» Task statement:
The printed result should hold only the lines from the opening of the data through the line bearing "Barok statue som", exactly as given and without pictures.

» Data shown:

———

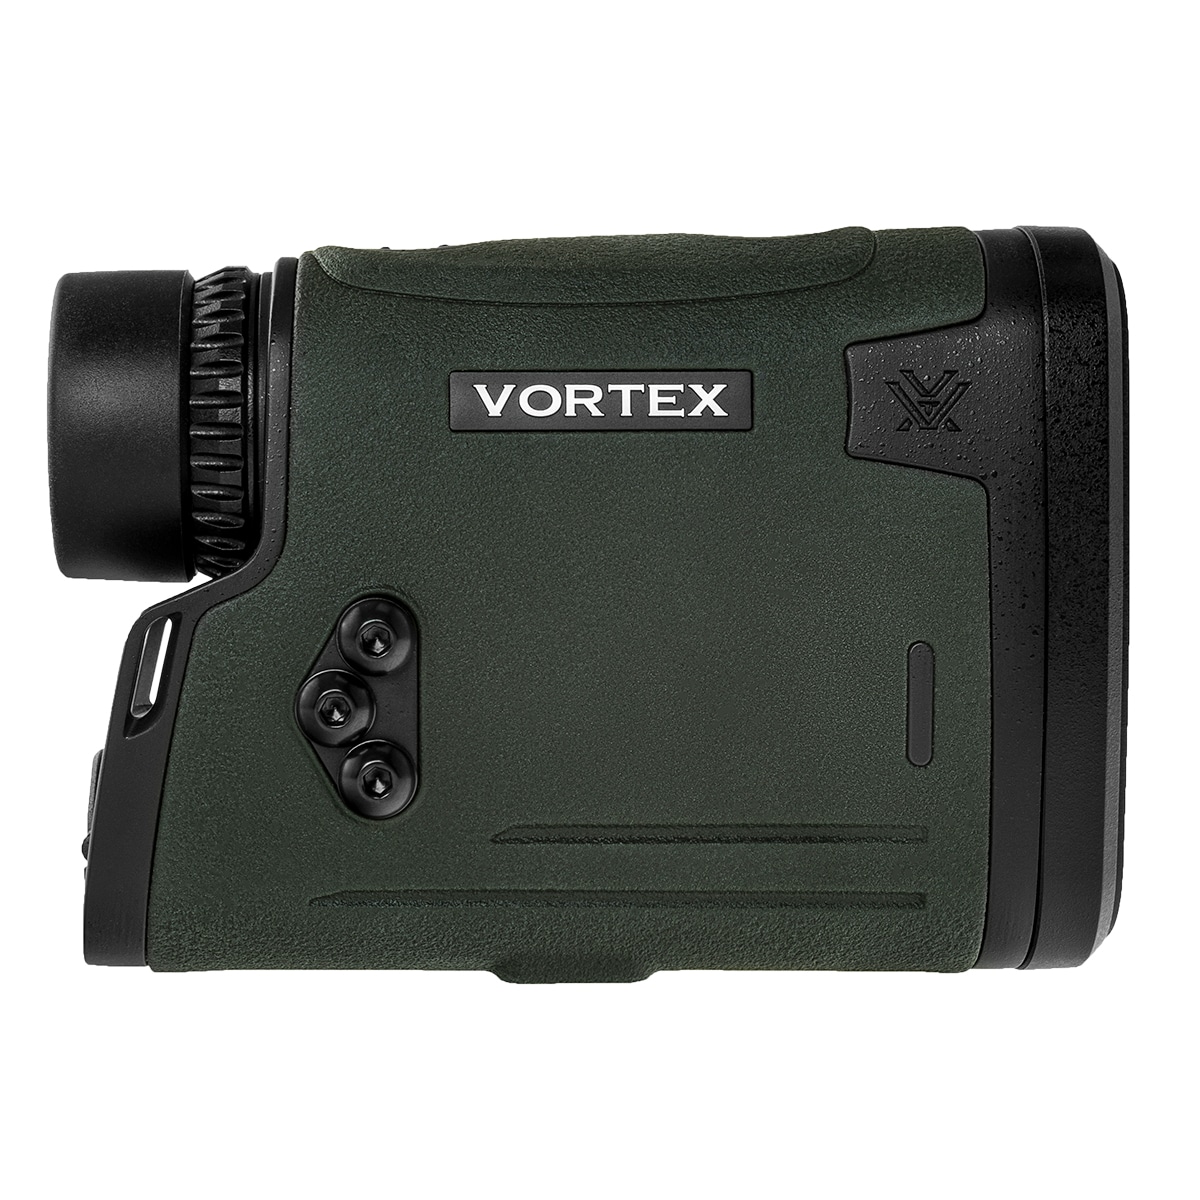 Dalmierz laserowy Vortex Viper HD3000
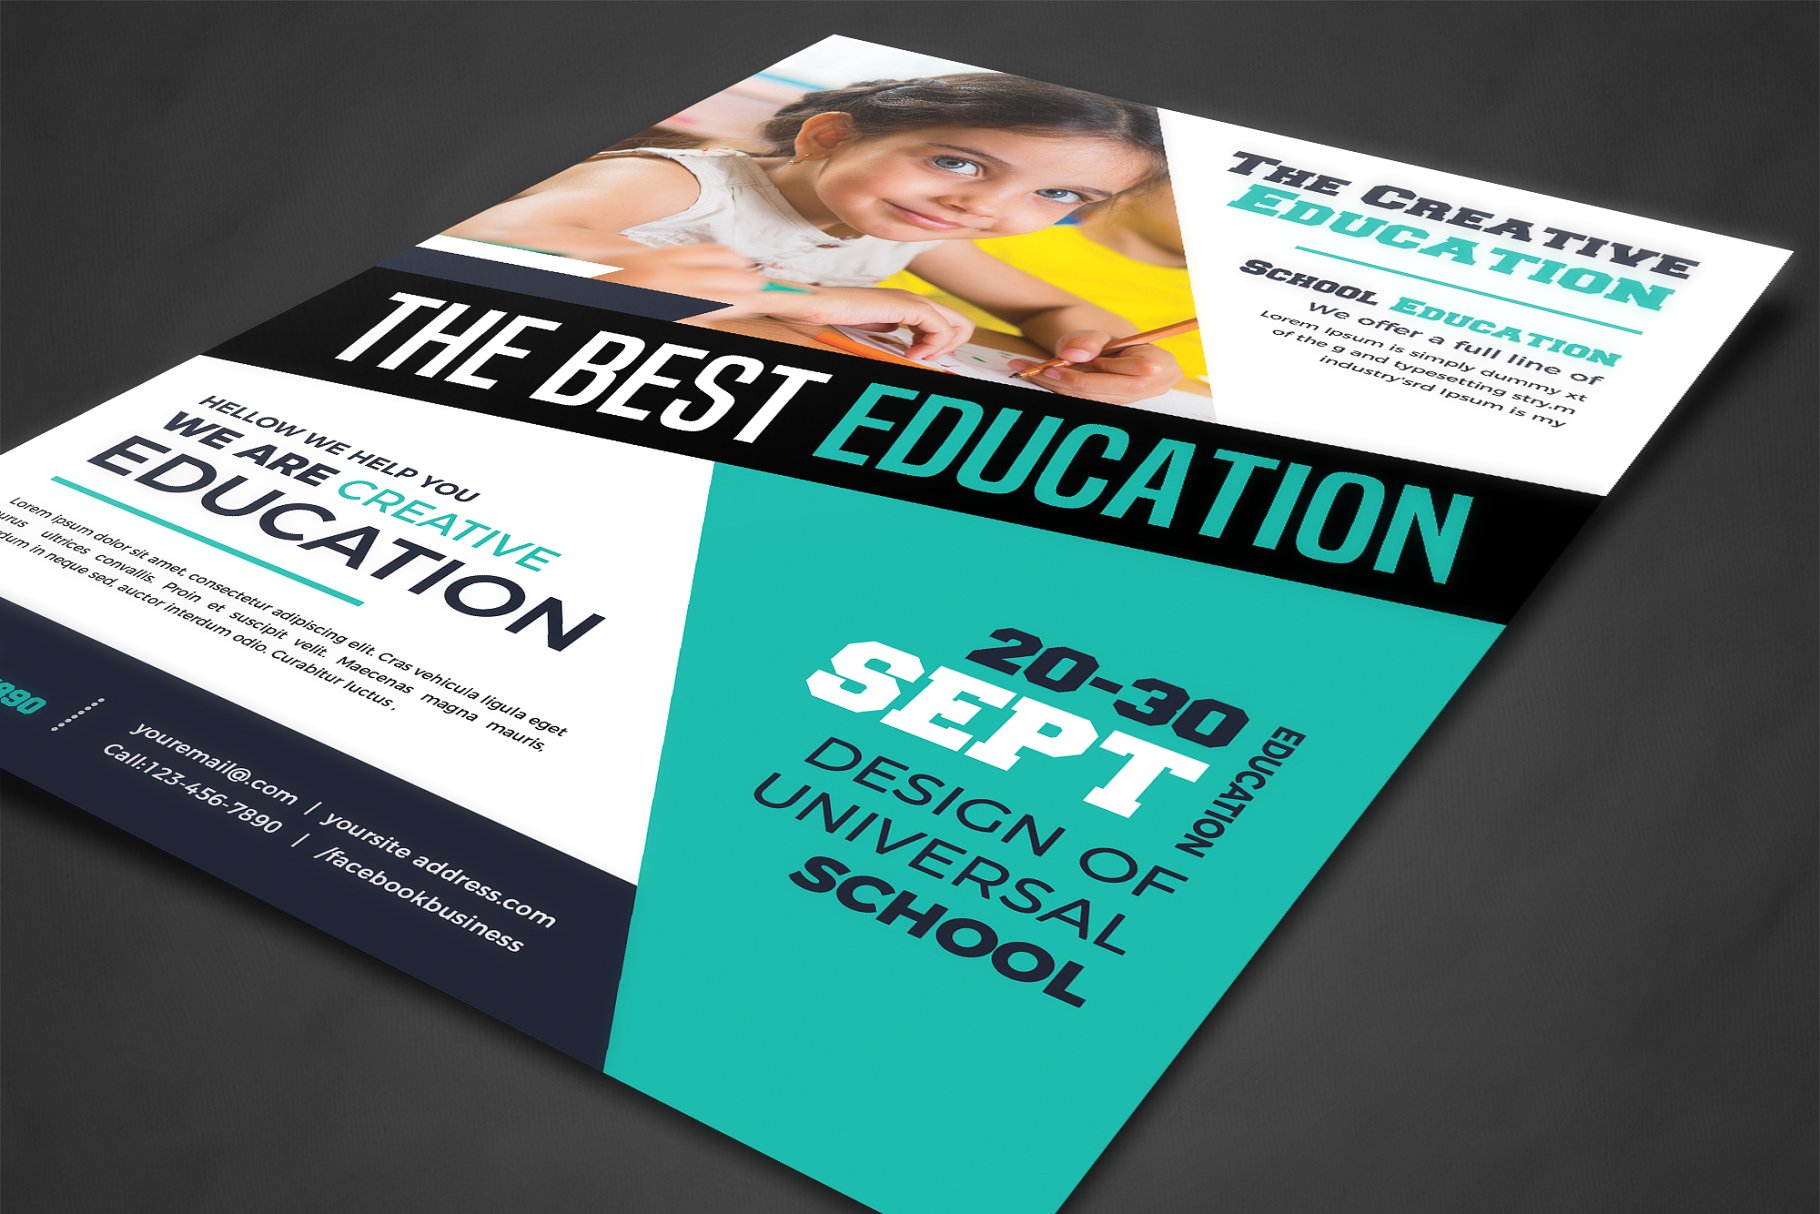 校园教育主题海报设计模板 School Education Flyer Templates插图(1)
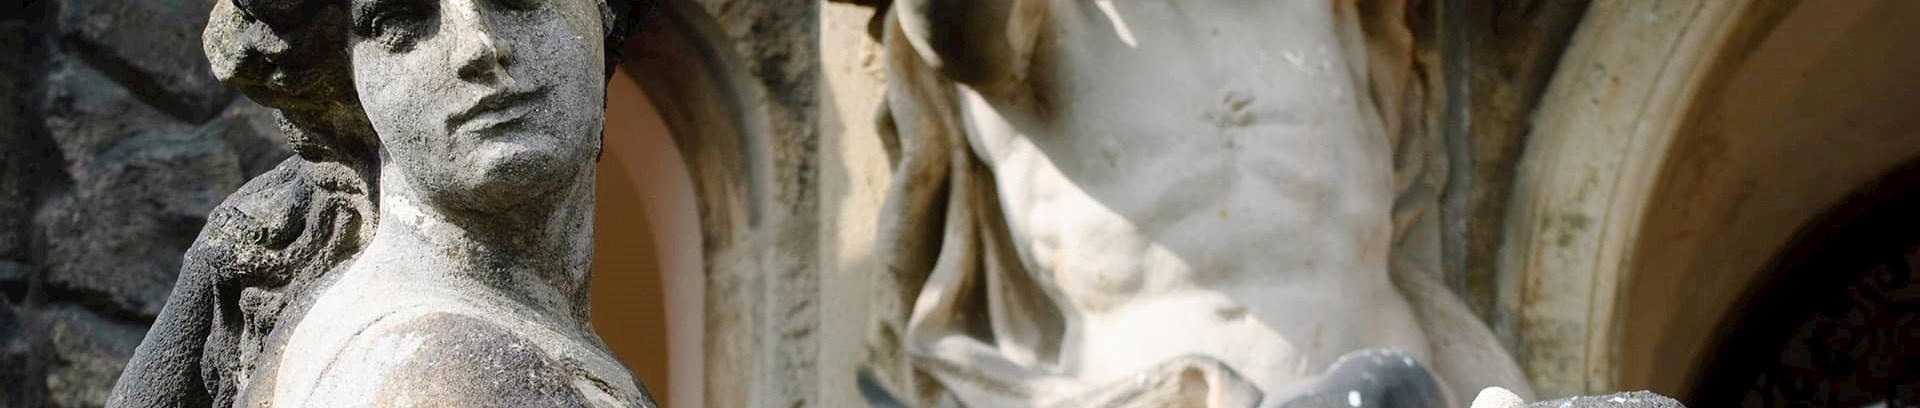 Barok statue som del af udsmykning på bygning
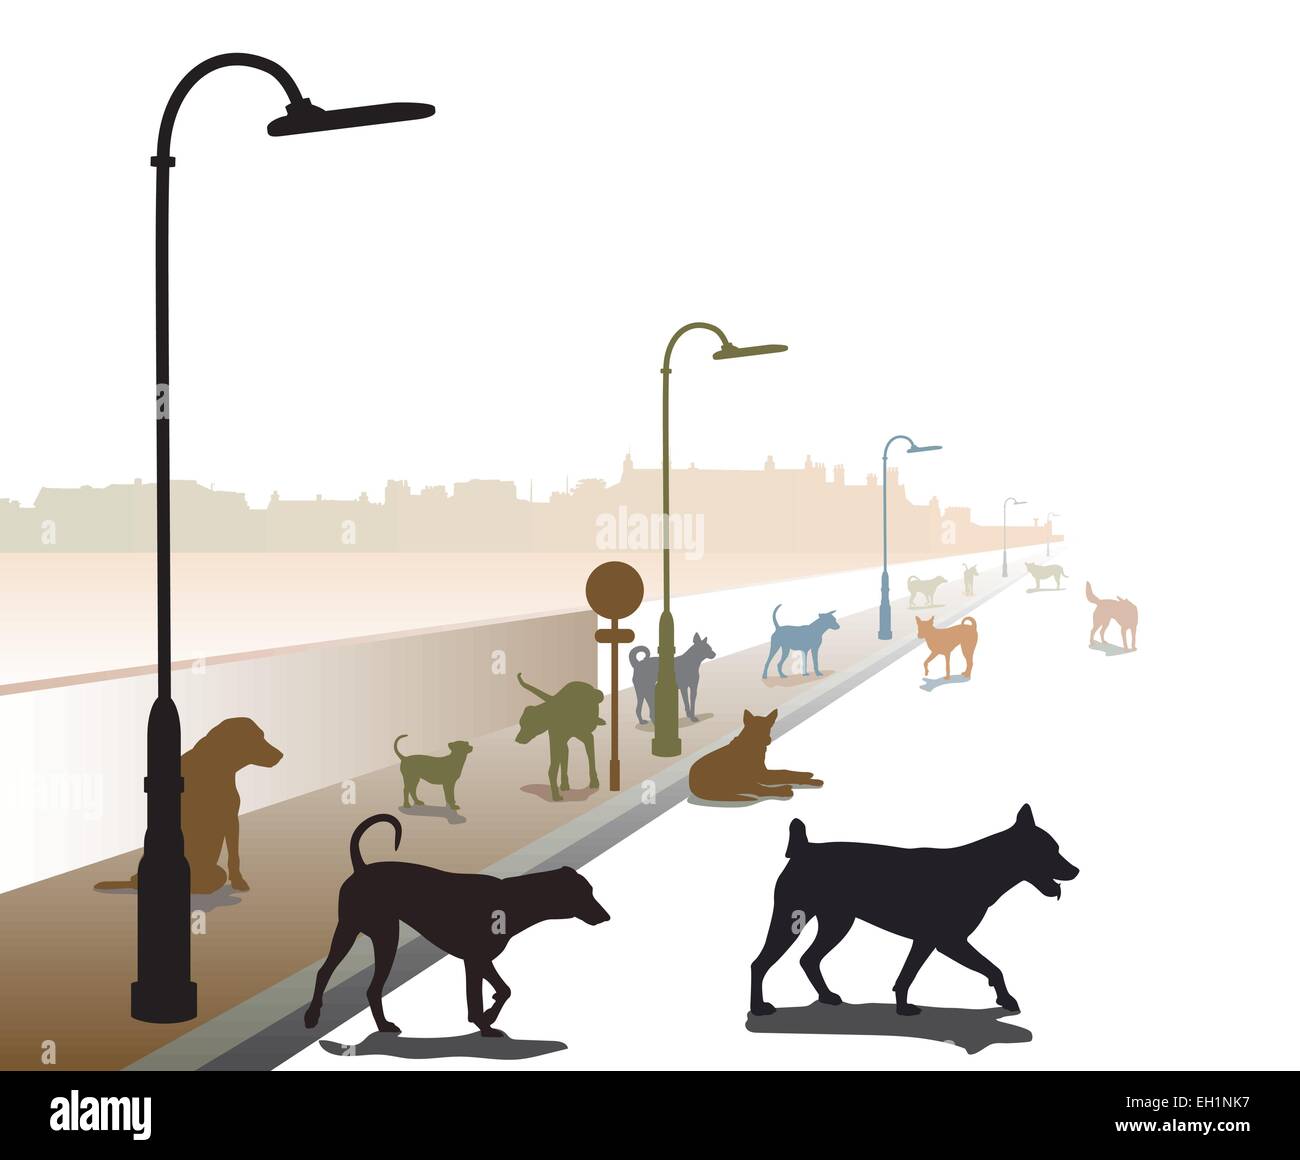 Illustration vectorielle modifiable d'un groupe disparate de chiens errants sur une route solitaire Illustration de Vecteur

———

» Reply to the task:
 Dalmierz laserowy Vortex Viper HD3000
 校园教育主题海报设计模板 School Education Flyer Templates插图(1)
 Barok statue som del af udsmykning på bygning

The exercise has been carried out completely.